= Siegfried Stöckigt =

German classical pianist

Siegfried Stöckigt (8 December 1929 – 6 July 2012) was a German classical pianist.

== Life ==
Born Lengenfeld, Stöckigt grew up with a brother three years older than him in the small town of Lengenfeld (Amtshauptmannschaft Auerbach) in SaxonyVogtland as the son of a businessman. At the age of nine, Stöckigt received his first piano lessons.

From 1946 to 1959, he studied piano with Hugo Steurer at the University of Music and Theatre Leipzig. He passed his exams with distinction. In 1951, he was the only German prize-winner at the World Festival of Youth and Students in Berlin. From 1952 to 1985, he taught at the Hochschule für Musik "Hanns Eisler" and was appointed a Professor in 1968.

In 1959, he received a medal at the Geneva International Music Competition.
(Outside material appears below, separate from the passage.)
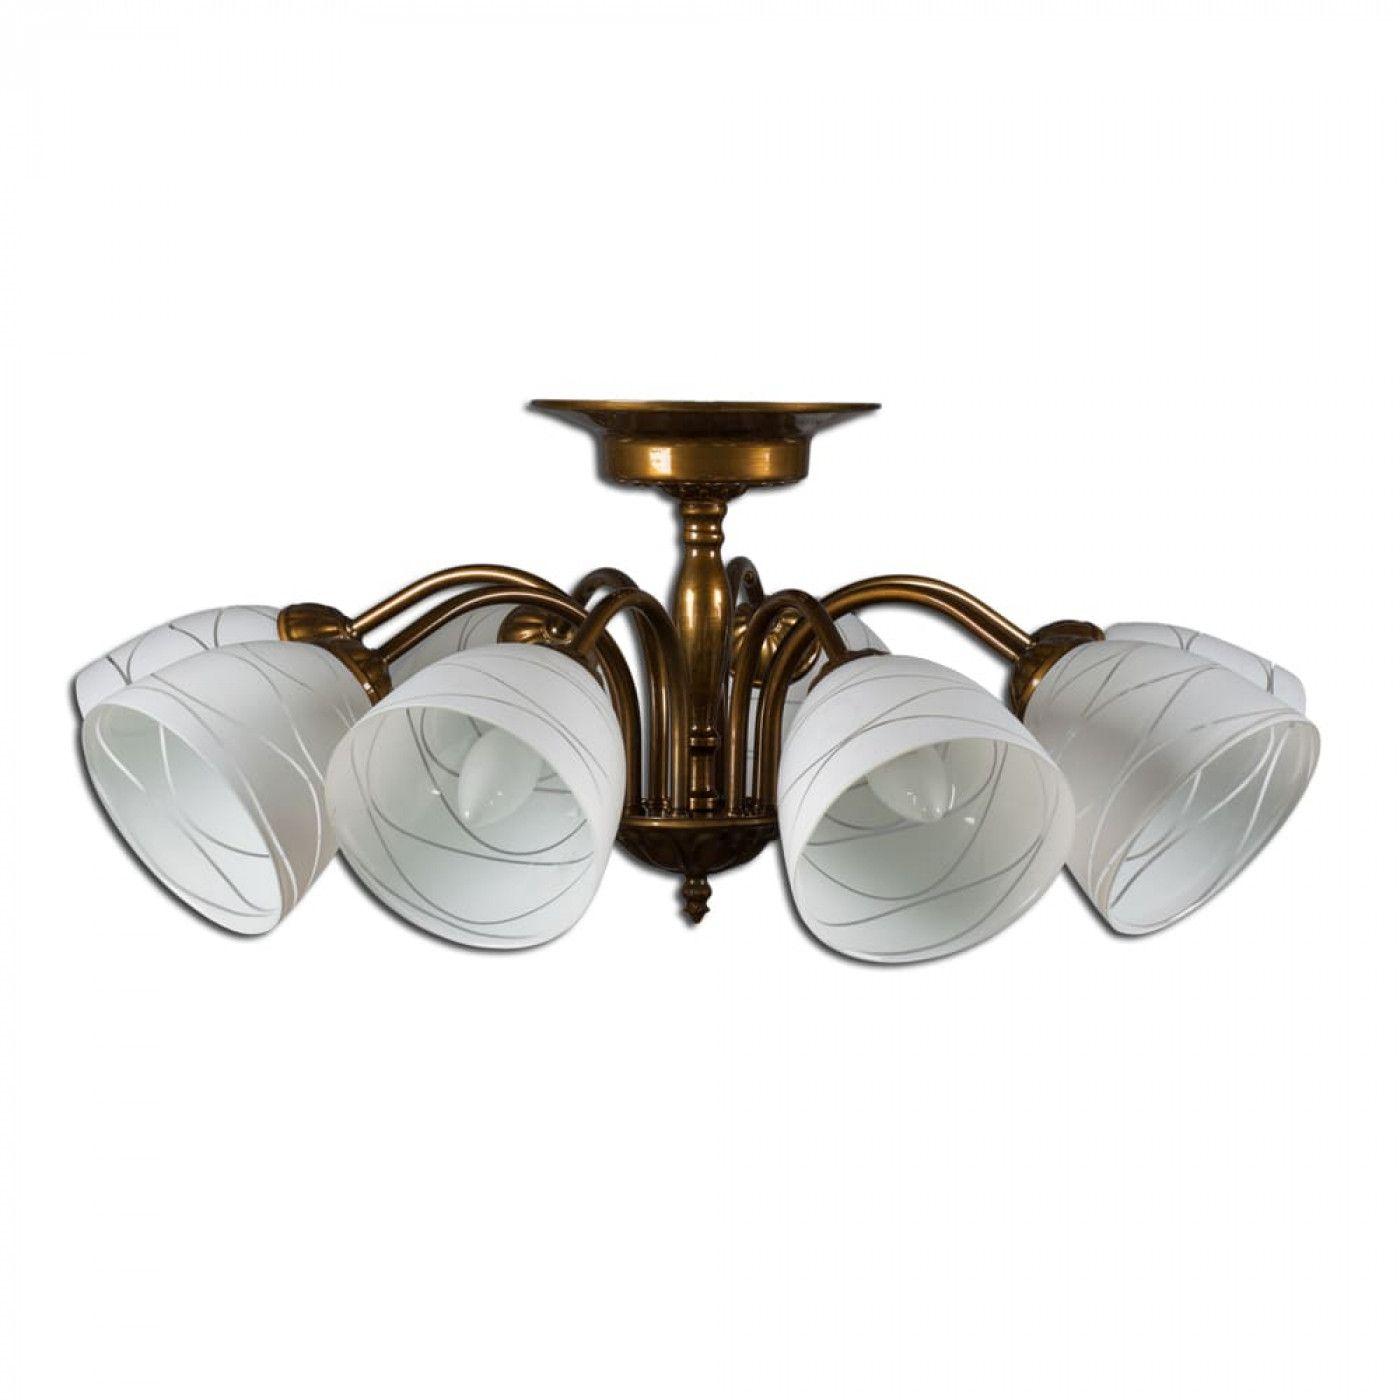 PETRASVET / Ceiling chandelier S2117-8, 8xE14 max. 60W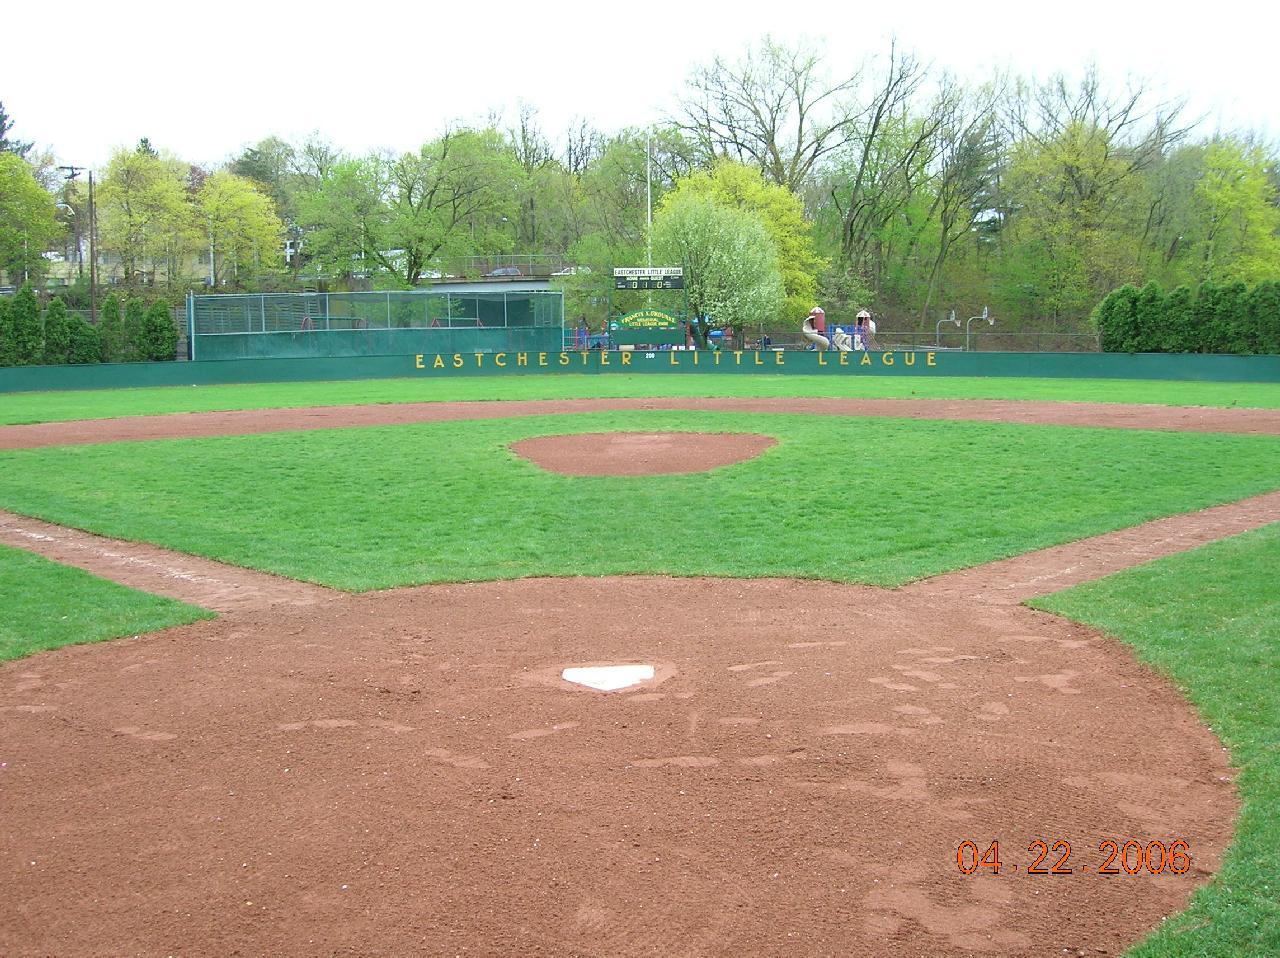 Little league baseball field images

In 1966, he was awarded the Art Prize of the GDR, in 1974 the National Prize of the German Democratic Republic and in October 1974 the National Prize of the GDR.

Guest performances took him to several European countries, to South America and Central America and to the Near East. He received record, radio and television engagements. In addition to interpreting classical music, Stöckigt was also active in the field of light music and jazz. He also performed under the name Rainer Carell.

In addition to his pianistic and pedagogical activities, Prof. Stöckigt also appeared as a composer of chamber music concert music.

He was married to the broadcaster Annemarie Forkel-Stöckigt and last lived in Königs Wusterhausen. His son Michael Stöckigt is also a pianist.